One thing we have to remember when it comes to IDing pums (or any dart) is that the lighting used (or available during the shot) has a lot to do with what the pics' coloration looks like. I can take one of my Uyams Rivers and under tha right lighting conditions get them to look like they have a blue body much as that last Uyama River has. The iridescence tend to make different sheens and highlights , even what seems to be an almost predominant body color stand out when those colors may not be a great representation of what the true/natural colors are in-fact.
What may be an even more accurate indicator of whether the ones I work with and the ones you have are closely related would be body size. I know the only way (main way really) to tell the difference between my Darklands and the Caucheros in the hobby now is the fact that every adult Cauchero I have received info on is much larger than any adult Darklands I have. How big are yours Chris?

Rich


----------



## ChrisK (Oct 28, 2008)

They're easily noticeably bigger than my Cayo de Aguas, maybe almost Basti size or a little smaller.
Just for timeliness here's a belly shot of the male, if anything their bellies are almost identical and there might be a little more black spotting on the lower belly than upper, I might be able to get more later but I needed to spray and dump ff's in just to get him to squeeze out a little for this one - they're brom-bound today since they seem to sense that I want pics and are determined to thwart my efforts at all costs haha:


----------



## MonarchzMan (Oct 23, 2006)

My understanding for Uyamas (and Robalos for that matter) is that the pattern seen on the dorsal surface is the basically same on the ventral surface. With how much white is on the belly of yours, I would be surprised if they were Uyamas. That much white looks more to me like a Basti. 3 months and I'll get these questions answered, lol.


----------



## ChrisK (Oct 28, 2008)

Yeah if they were CB then I would actually think they were hybrids but they're imports. There's a little more black spotting on the lower bellies and i thought they were a little like Robalo bellies, but if these are bastis then i got the most outrageous bastis on the board lol!


----------



## MonarchzMan (Oct 23, 2006)

ChrisK said:


> but if these are bastis then i got the most outrageous bastis on the board lol!

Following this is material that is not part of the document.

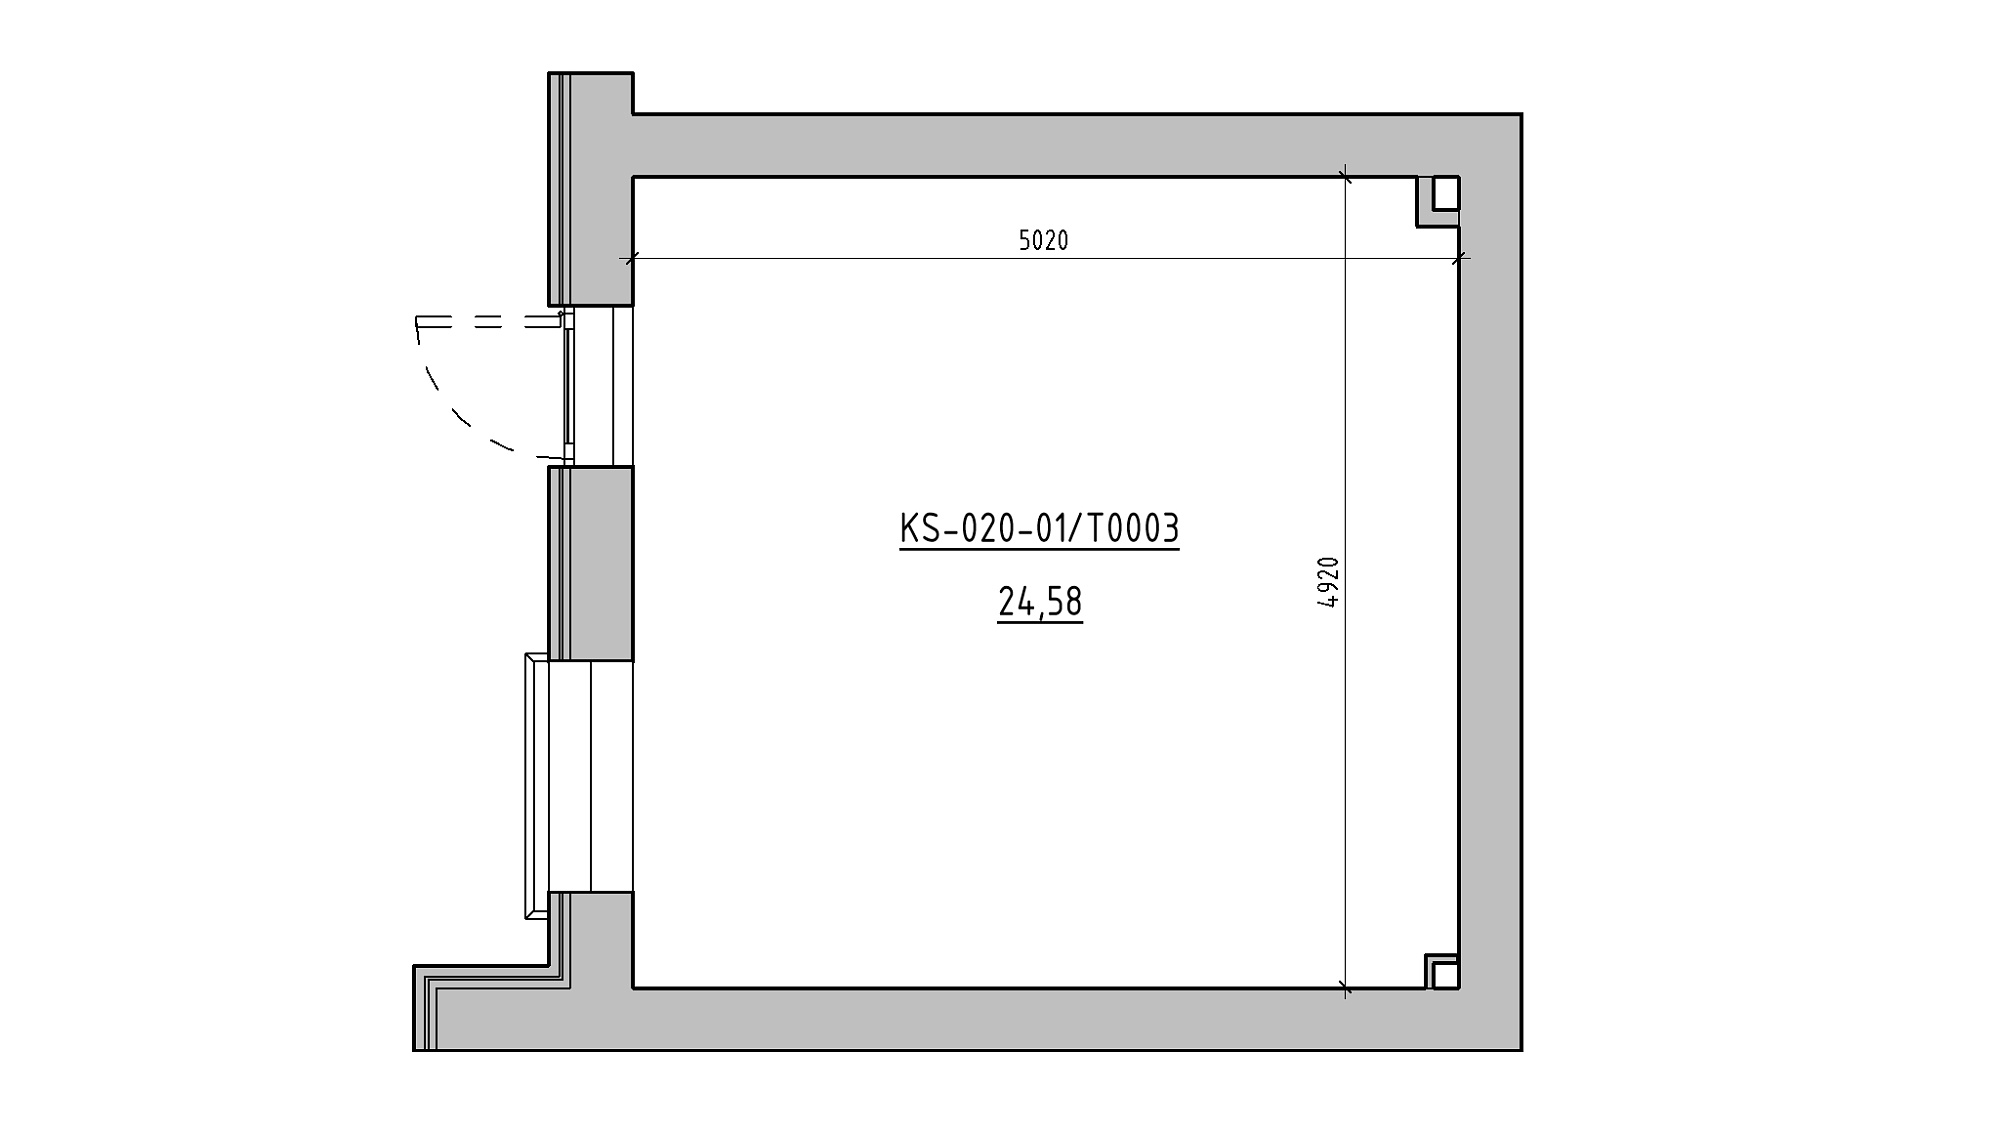 Planning Commercial premises area 24.58m2, KS-020-01/Т003.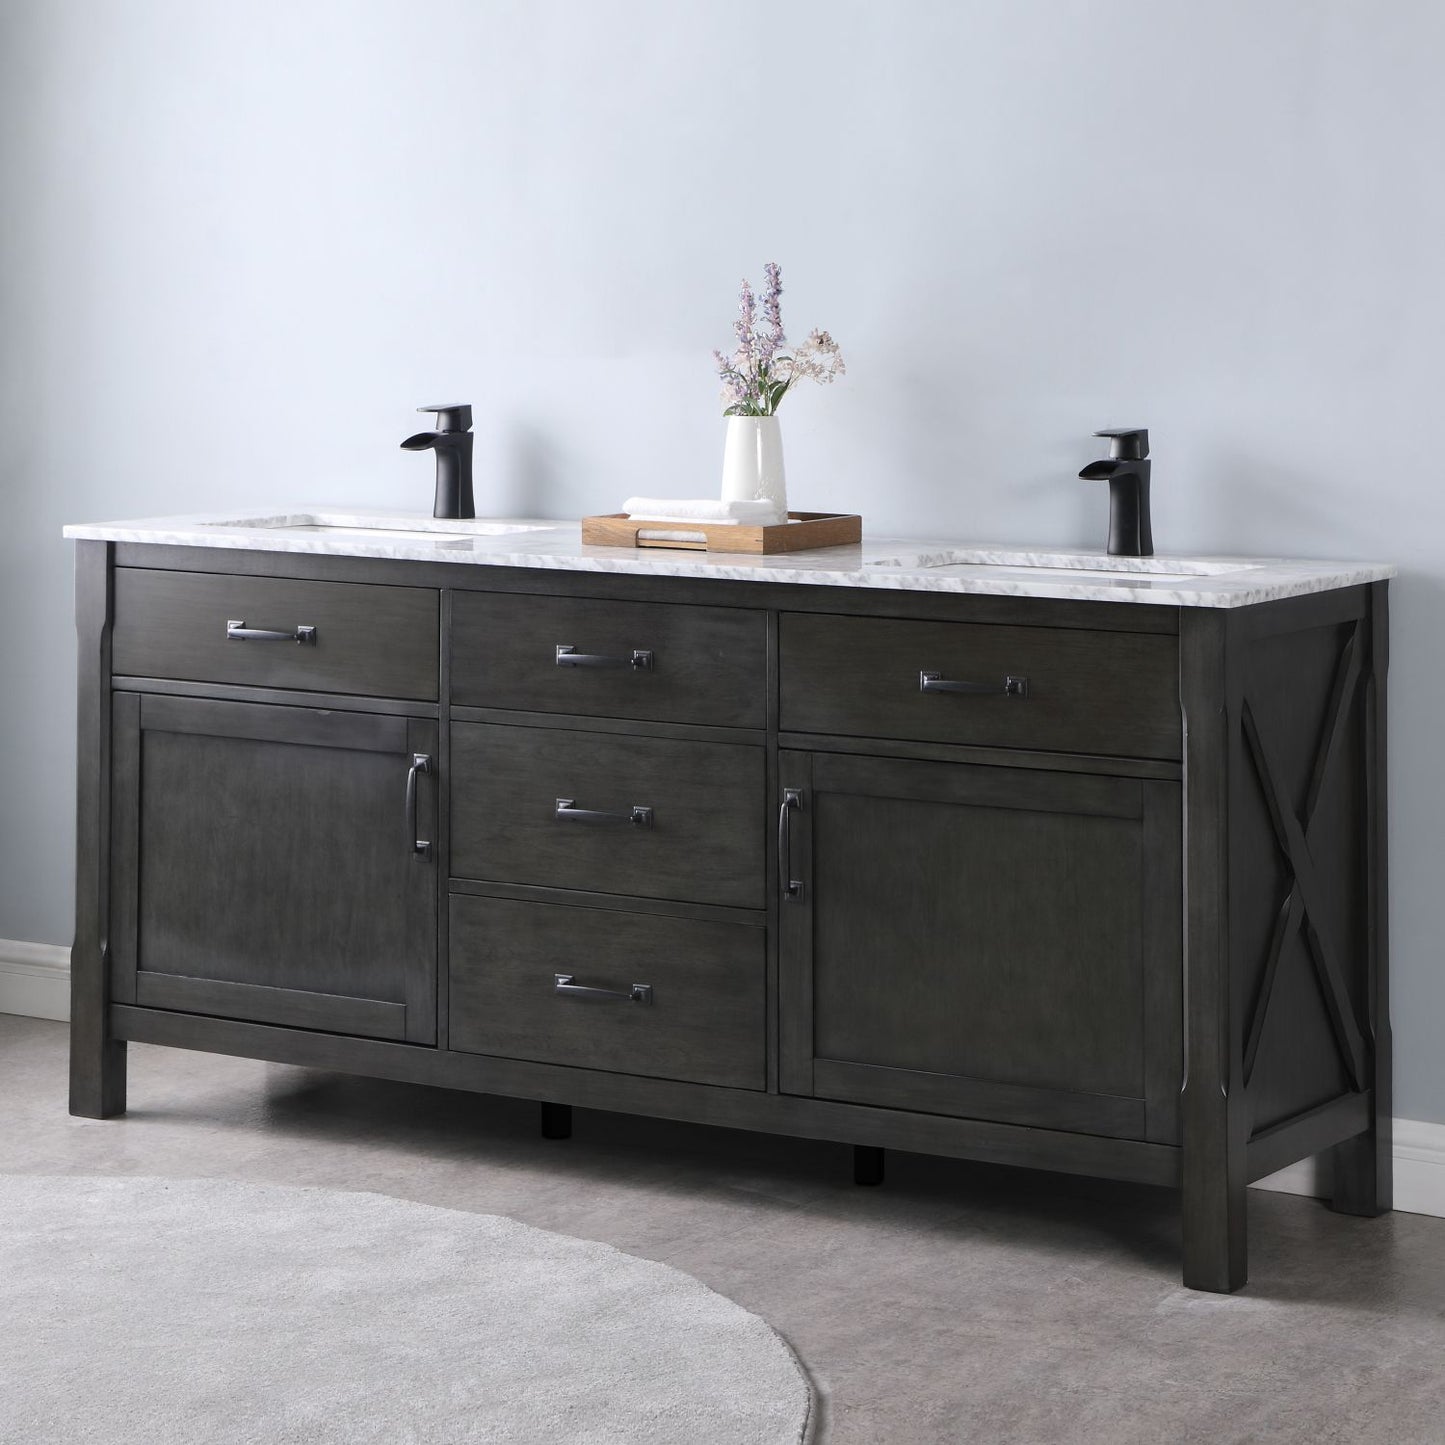 Altair Maribella 72" Double Bathroom Vanity Set Countertop without Mirror - Luxe Bathroom Vanities

No argument there, lol. They don't quite fit anything that I know of which makes them all the more interesting.


----------



## ChrisK (Oct 28, 2008)

OK was able to get female belly shot, still can't get the lower belly though!










Here's a bit of a blurry one of her but it shows some of the coloration:


----------



## ChrisK (Oct 28, 2008)

Well, for the last couple of days the male has cut down his calling 90-95% and they been hanging out next to each other under some leaf litter.....


----------



## peter (Jul 2, 2008)

I've seen a lot of robalo's, but this looks like a hybrid. 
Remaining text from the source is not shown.